▶ The data:
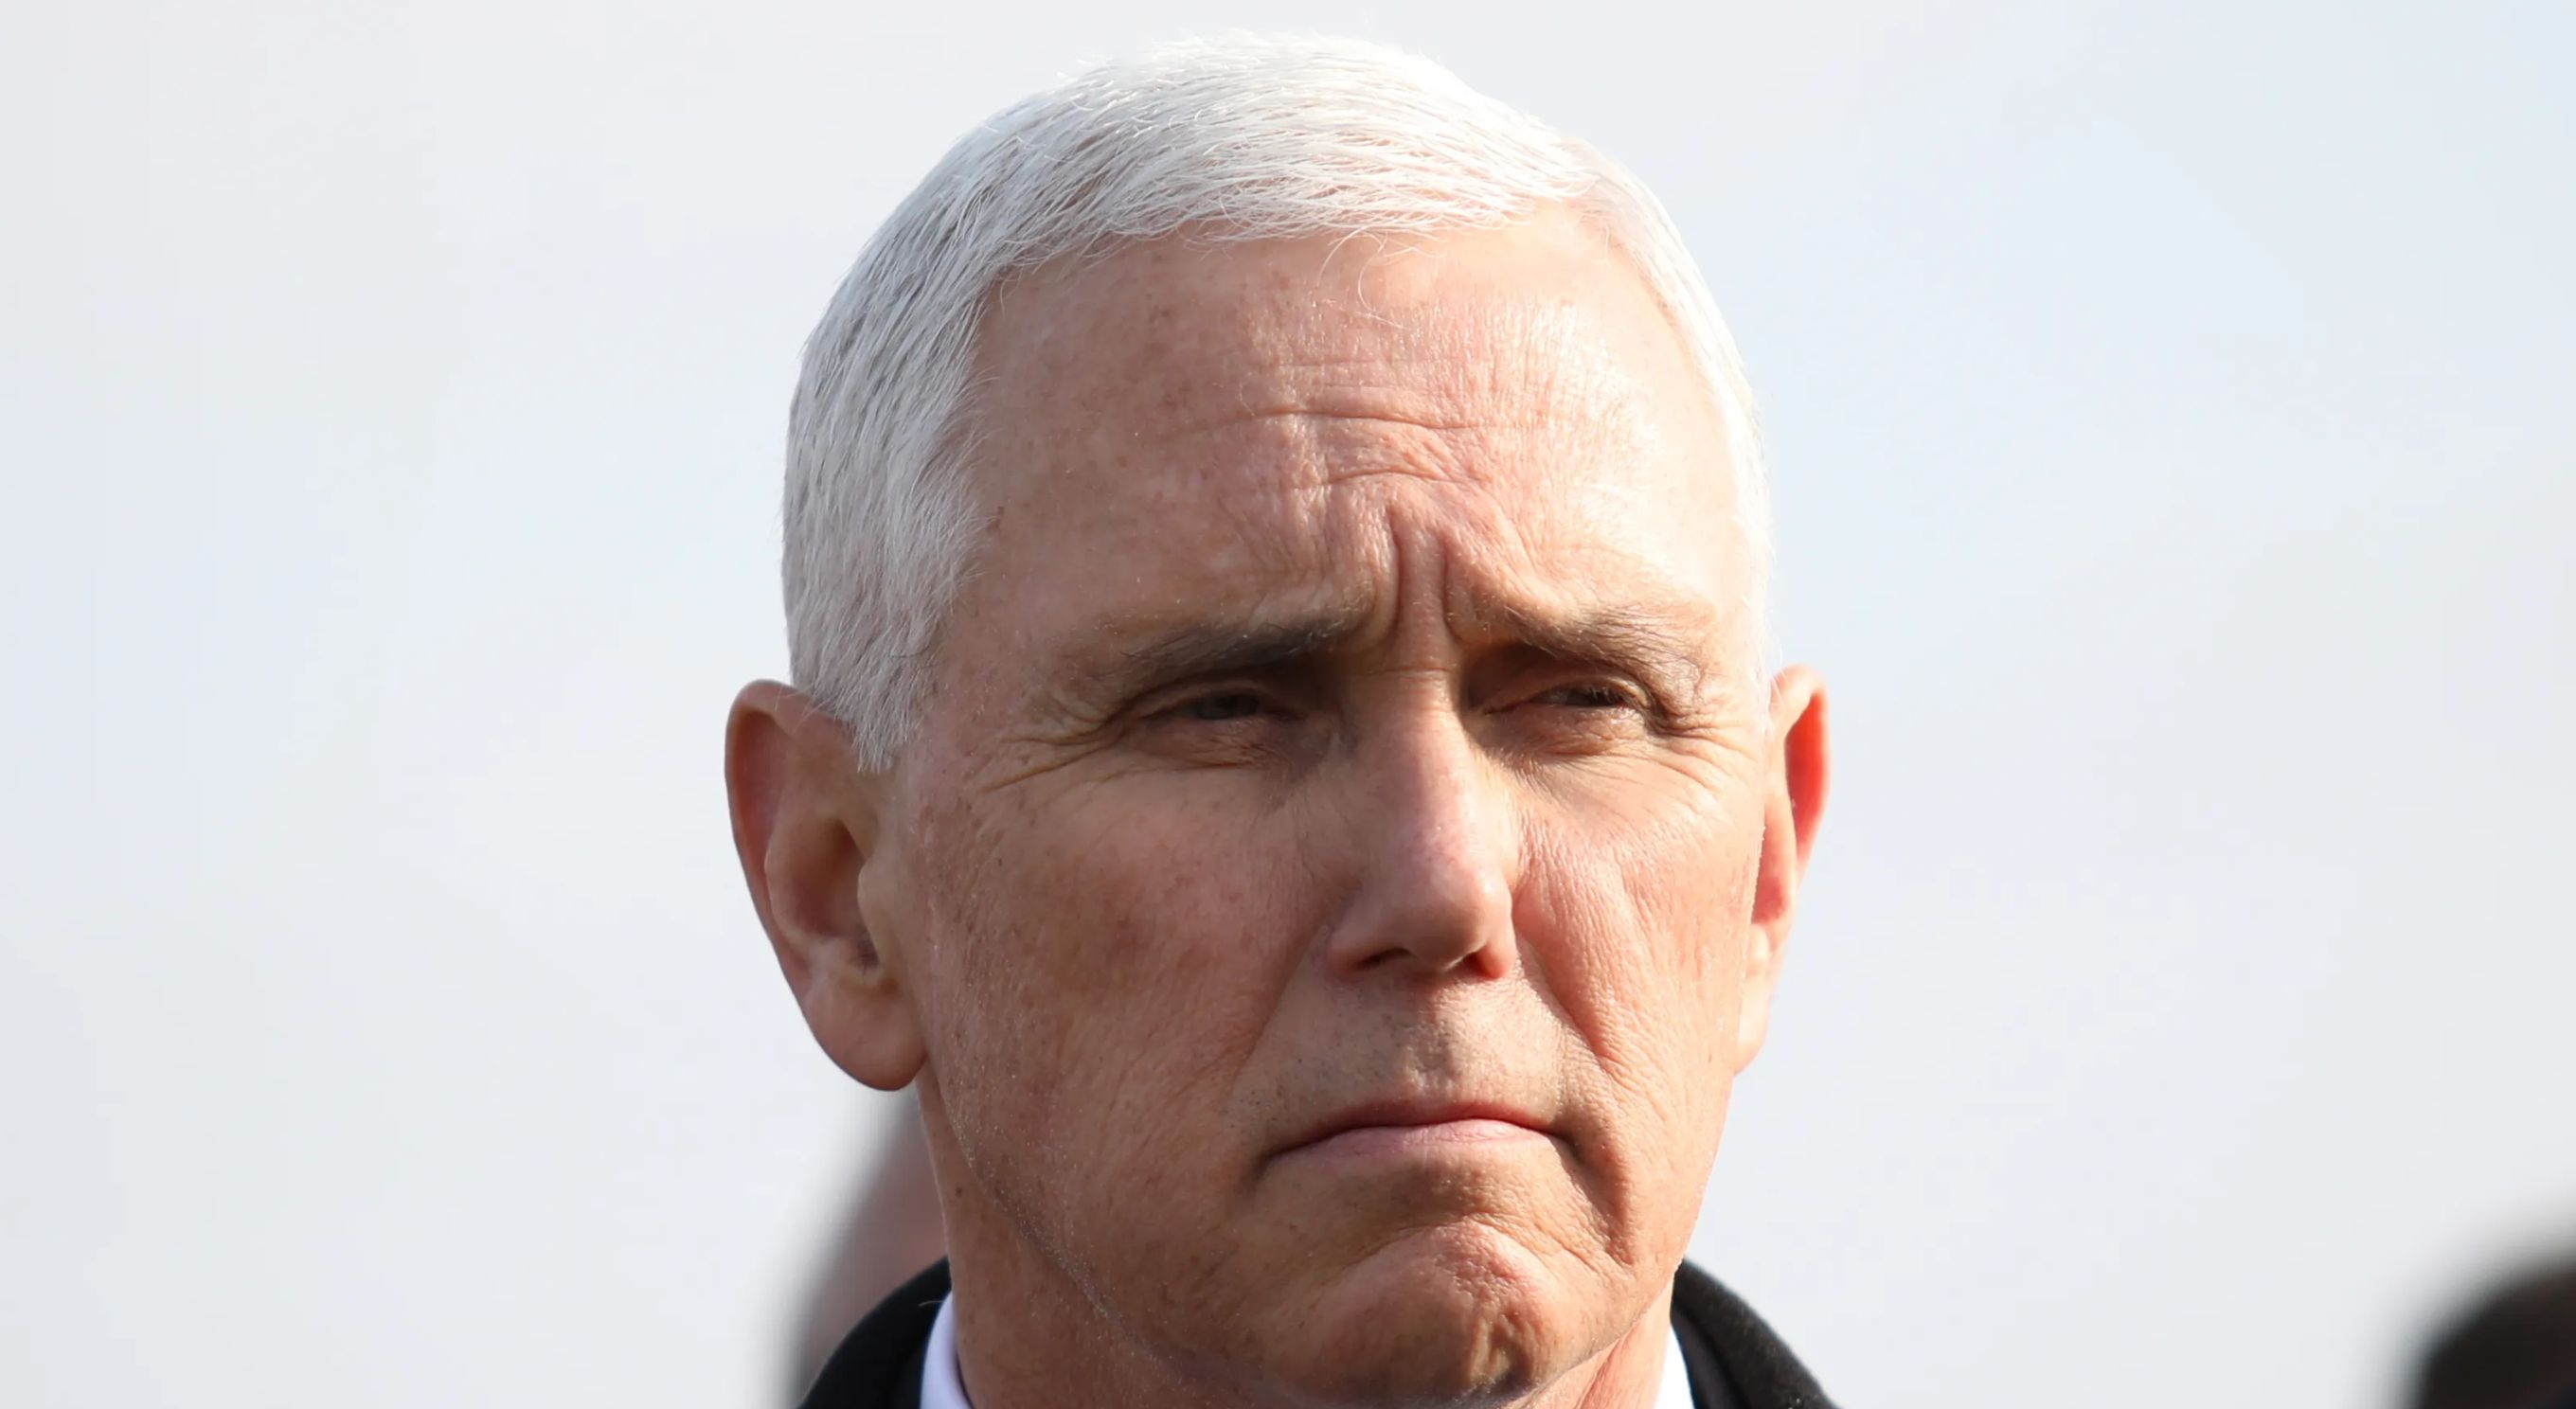 Former Vice President Mike Pence looks on.
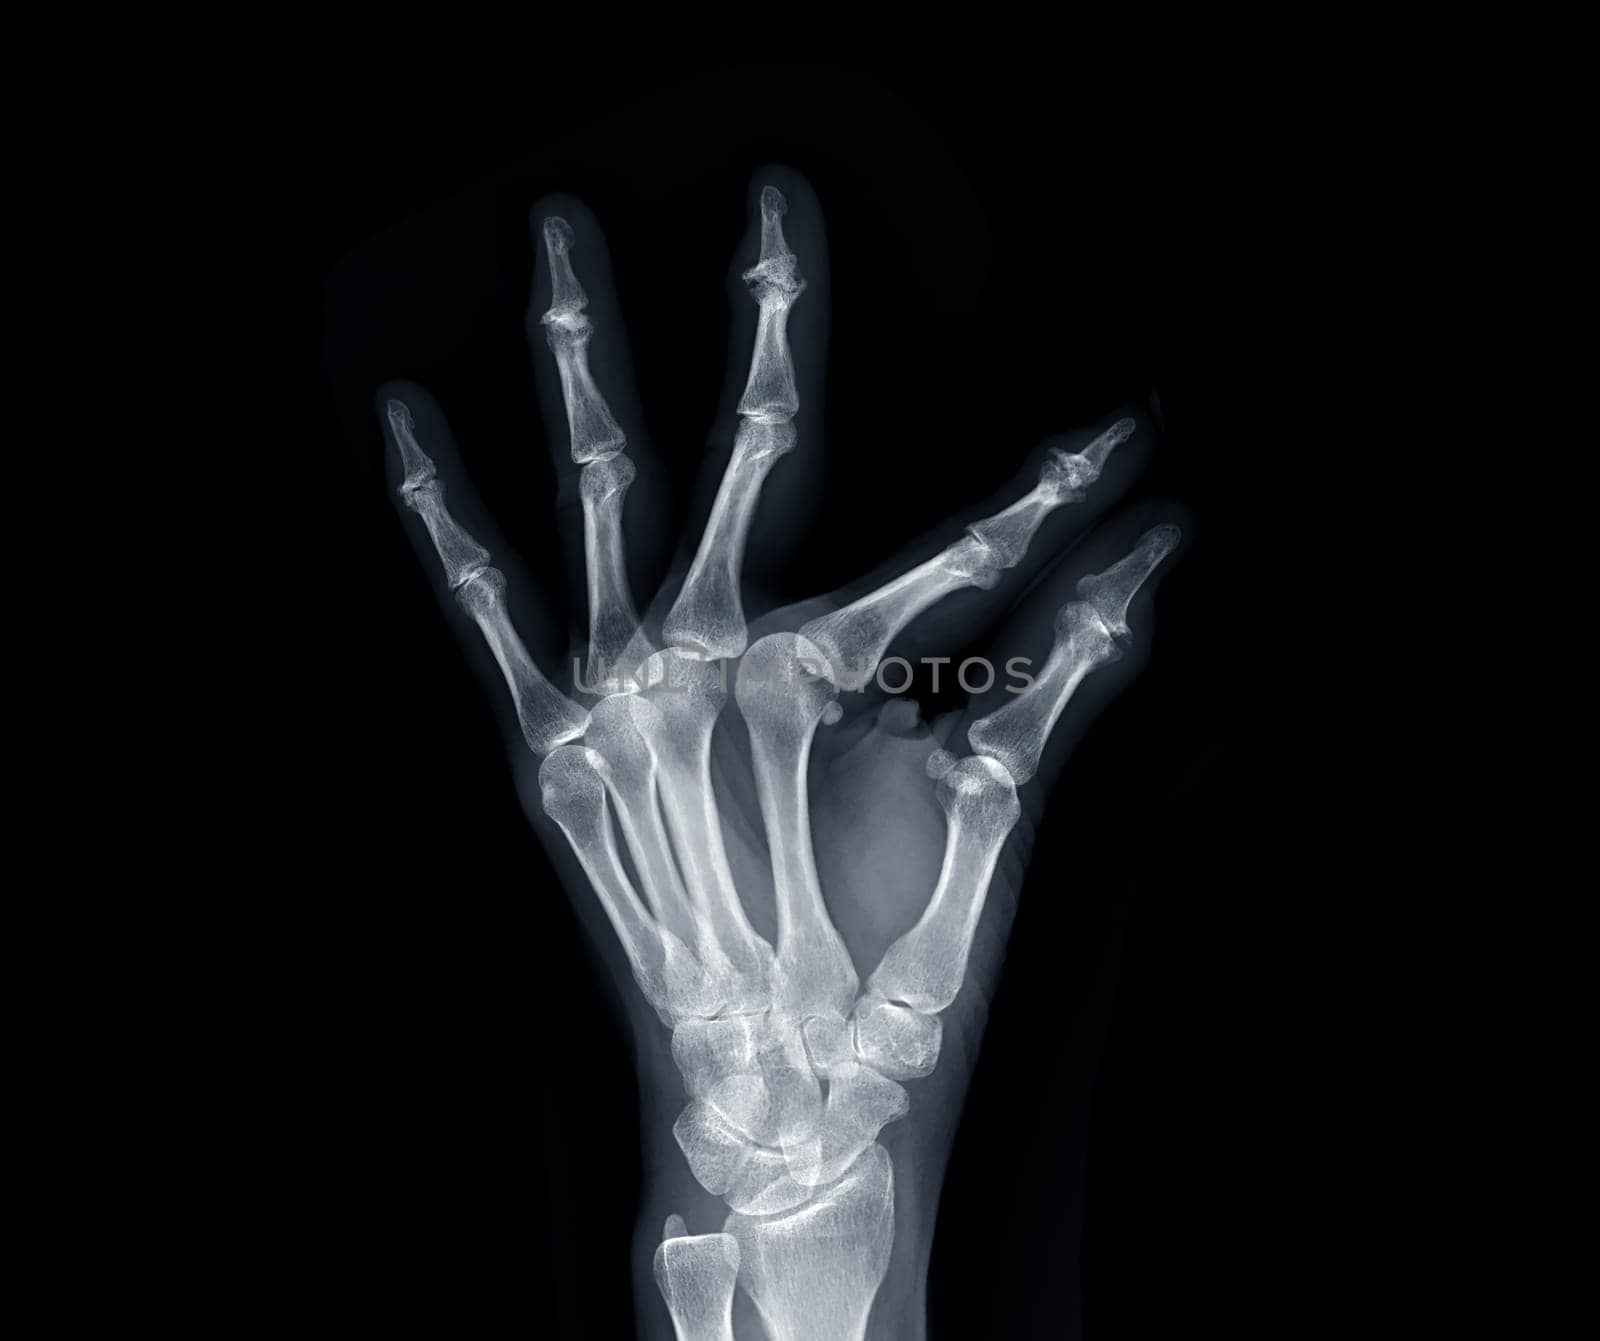 Film x-ray both hand AP view show human's hands isolated on black background . by samunella
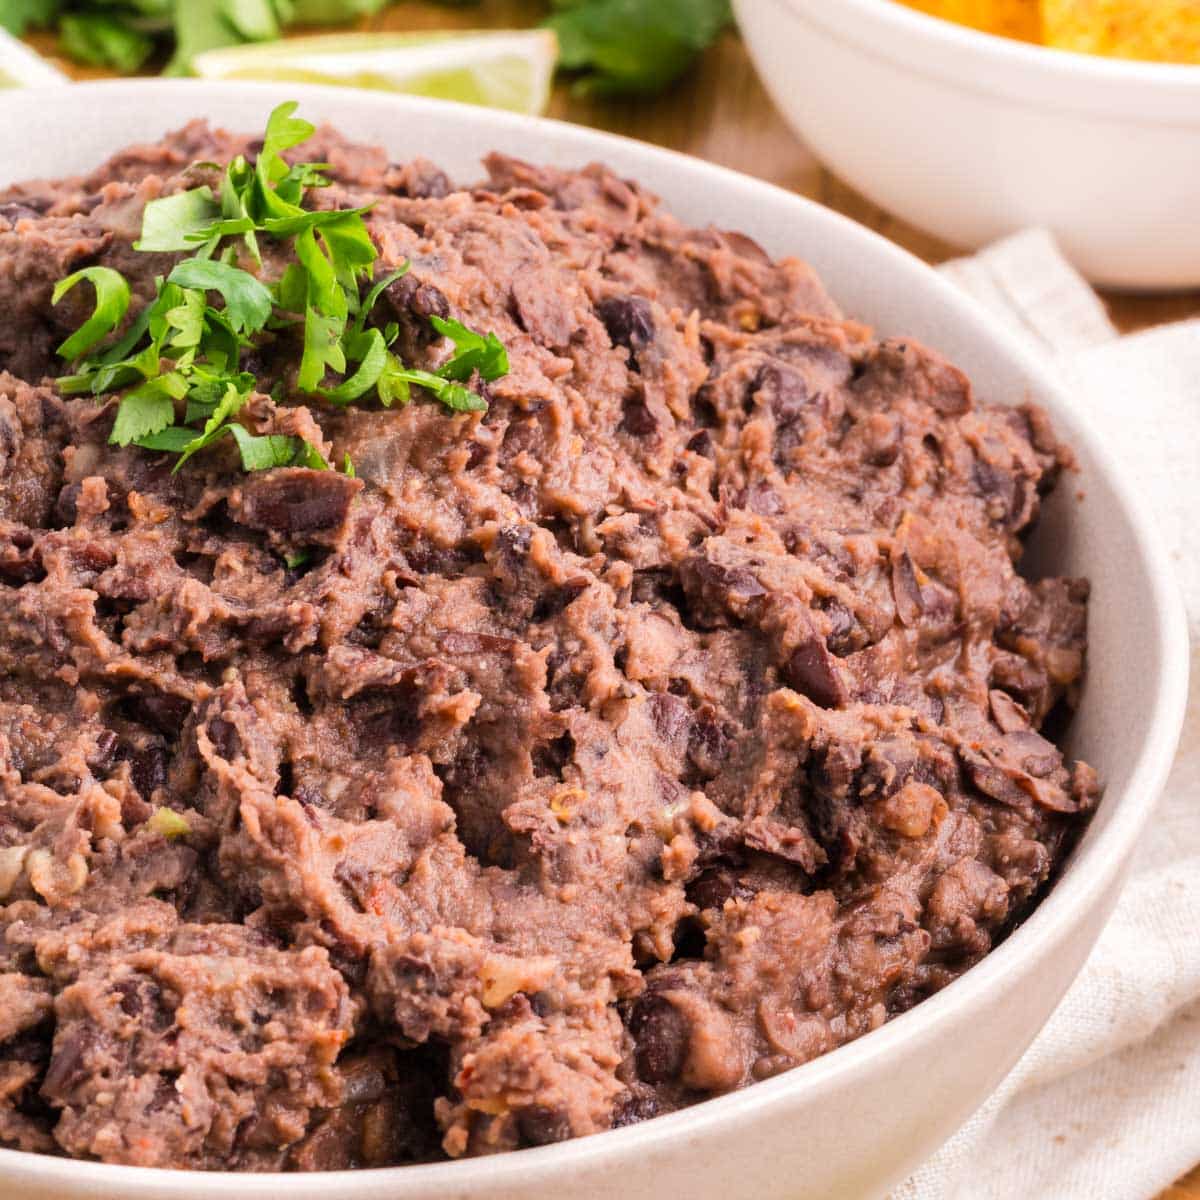 Refried black beans are in a white serving bowl with a green garnish.
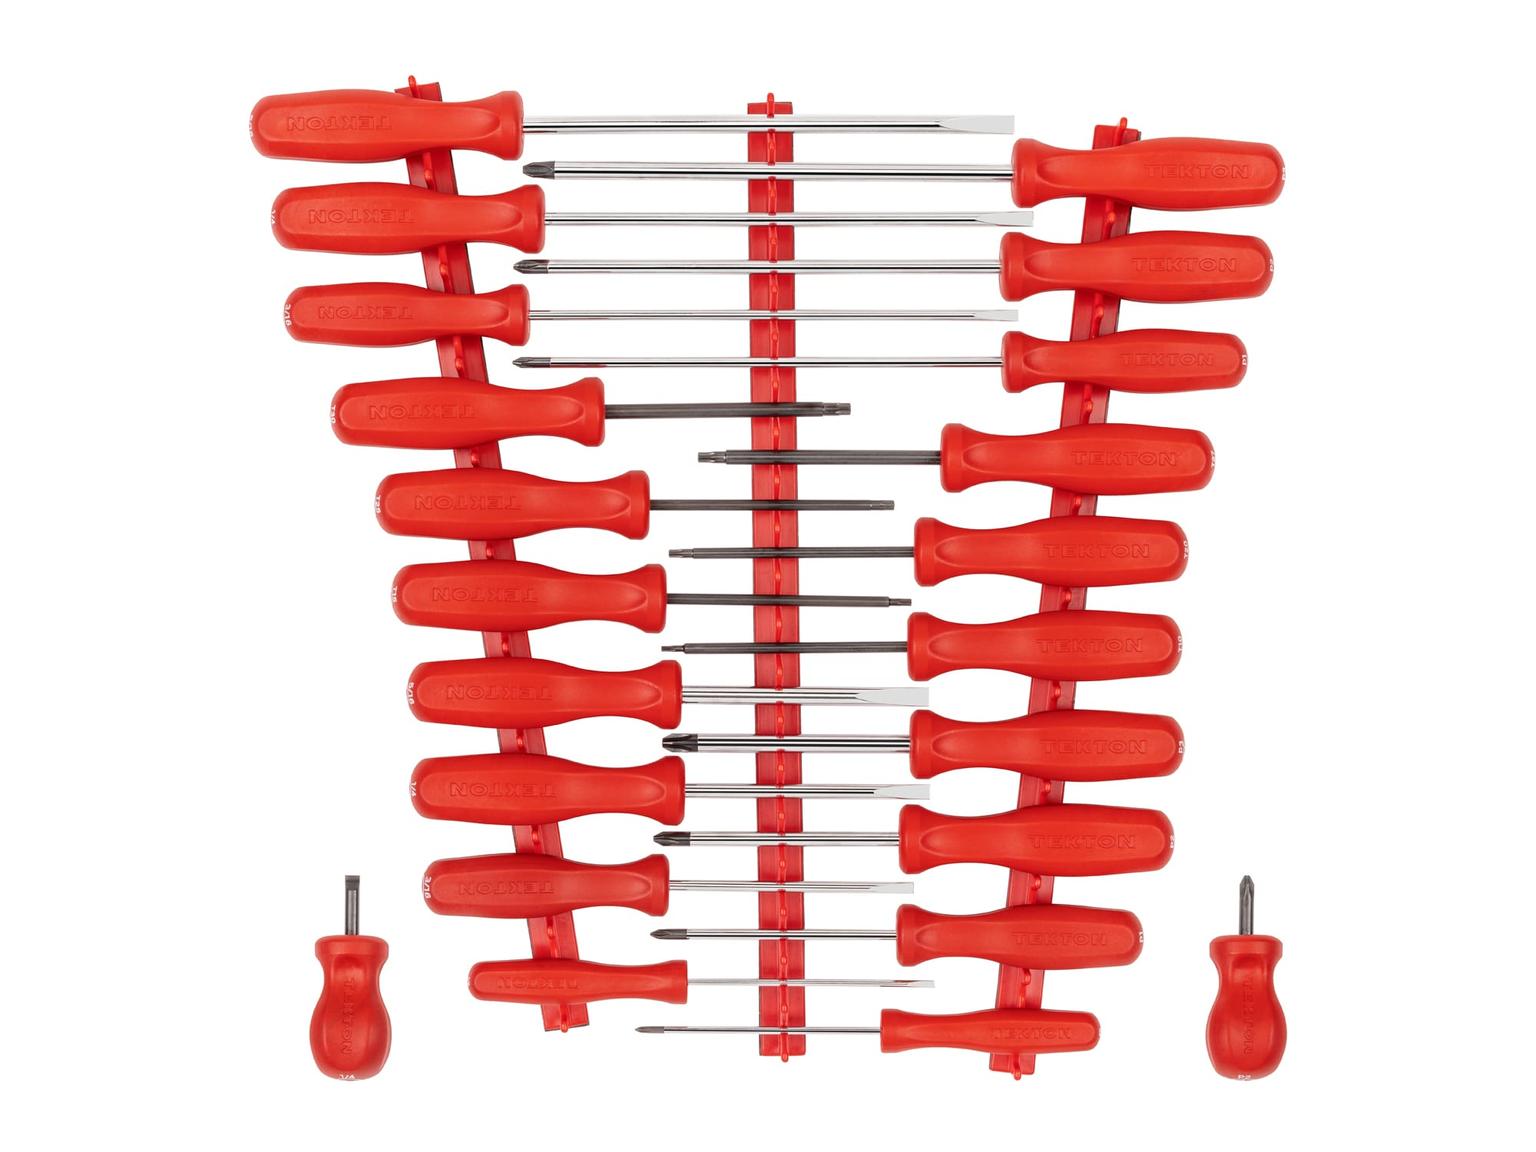 Hard Handle Screwdriver Set with Red Rails, 22-Piece (#0-#3, 1/8-5/16 in., T10-30)

▶ Your instructions:
The listing above is to be written out again exactly, with its pictures omitted.

▶ Response area:
 Former Vice President Mike Pence looks on.
 Film x-ray both hand AP view show human's hands isolated on black background . by samunella
 Refried black beans are in a white serving bowl with a green garnish.
 Hard Handle Screwdriver Set with Red Rails, 22-Piece (#0-#3, 1/8-5/16 in., T10-30)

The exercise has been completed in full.